Mit einem einfachen Vergleich: "Dein Gehirn lernt Buchstaben auf einem anderen Weg — nicht schlechter, nur anders. Das nennen Doktoren LRS." Kinder brauchen in diesem Alter keine wissenschaftlichen Details, sondern die Botschaft: Du bist in Ordnung.
Was sage ich Geschwistern über die LRS des anderen Kindes?
Ehrlich und einfach: "Dein Geschwister braucht beim Lesen mehr Übung.
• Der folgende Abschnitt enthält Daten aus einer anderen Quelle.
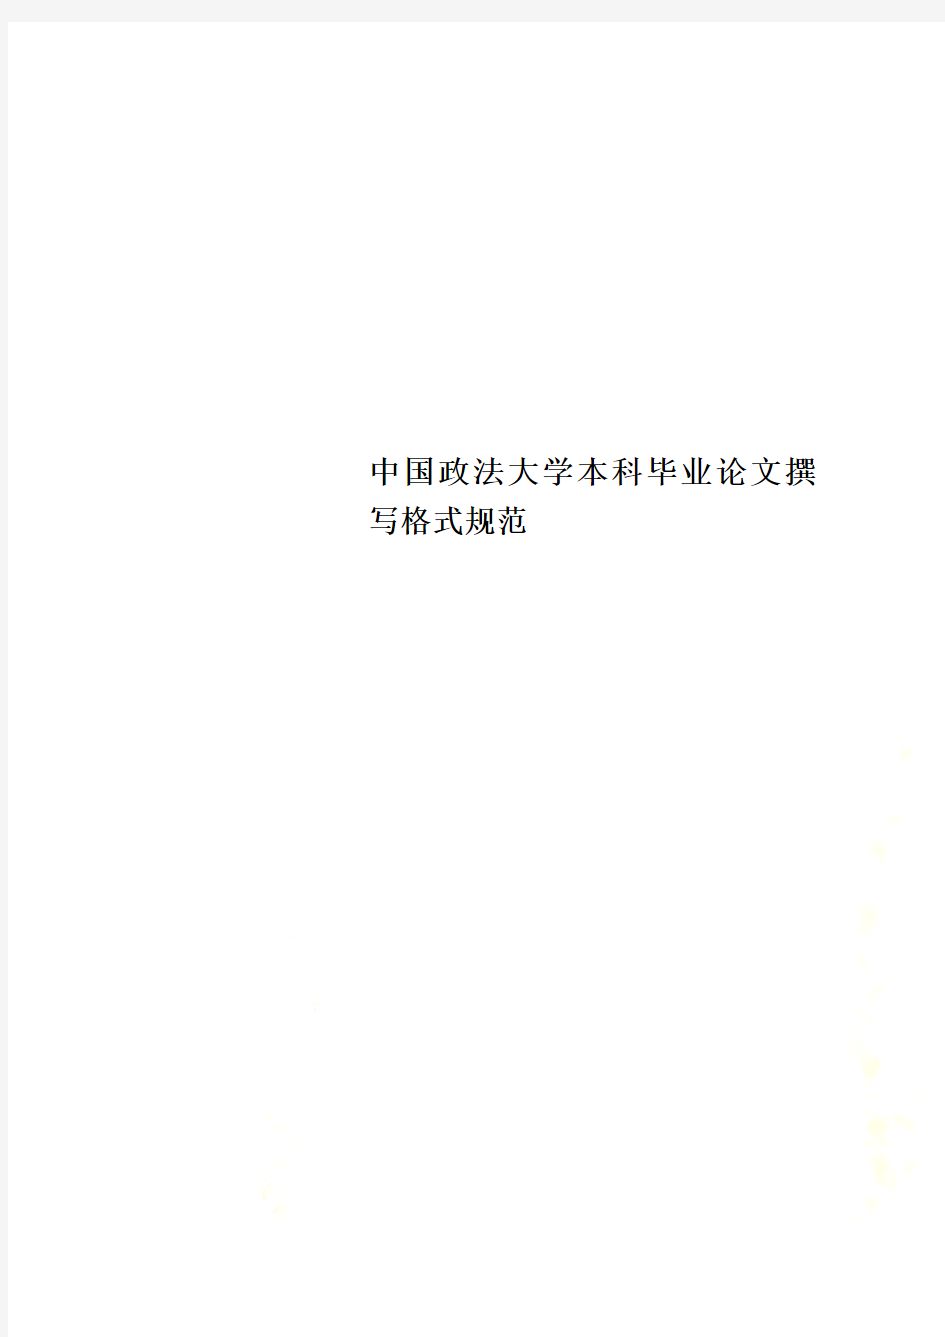 中国政法大学本科毕业论文撰写格式规范

Deshalb helfen wir dort öfter." Geschwister nicht als Tutoren einsetzen — das belastet die Beziehung.
Was tun, wenn das Kind nicht über seine LRS sprechen möchte?
Respektieren und die Tür offen halten: "Du musst jetzt nicht darüber reden. Wenn du Fragen hast, bin ich da." Besonders Jugendliche brauchen Zeit und Kontrolle über das Thema.
Wenn das Kind nicht sprechen möchte
Nicht jedes Kind möchte über seine LRS reden — besonders Jugendliche ziehen sich zurück, wenn das Thema Schwäche berührt. Das ist zu respektieren. Wichtig ist, dass die Tür offen bleibt: "Du musst jetzt nicht darüber reden. Aber wenn du Fragen hast oder einfach nur erzählen möchtest, bin ich da."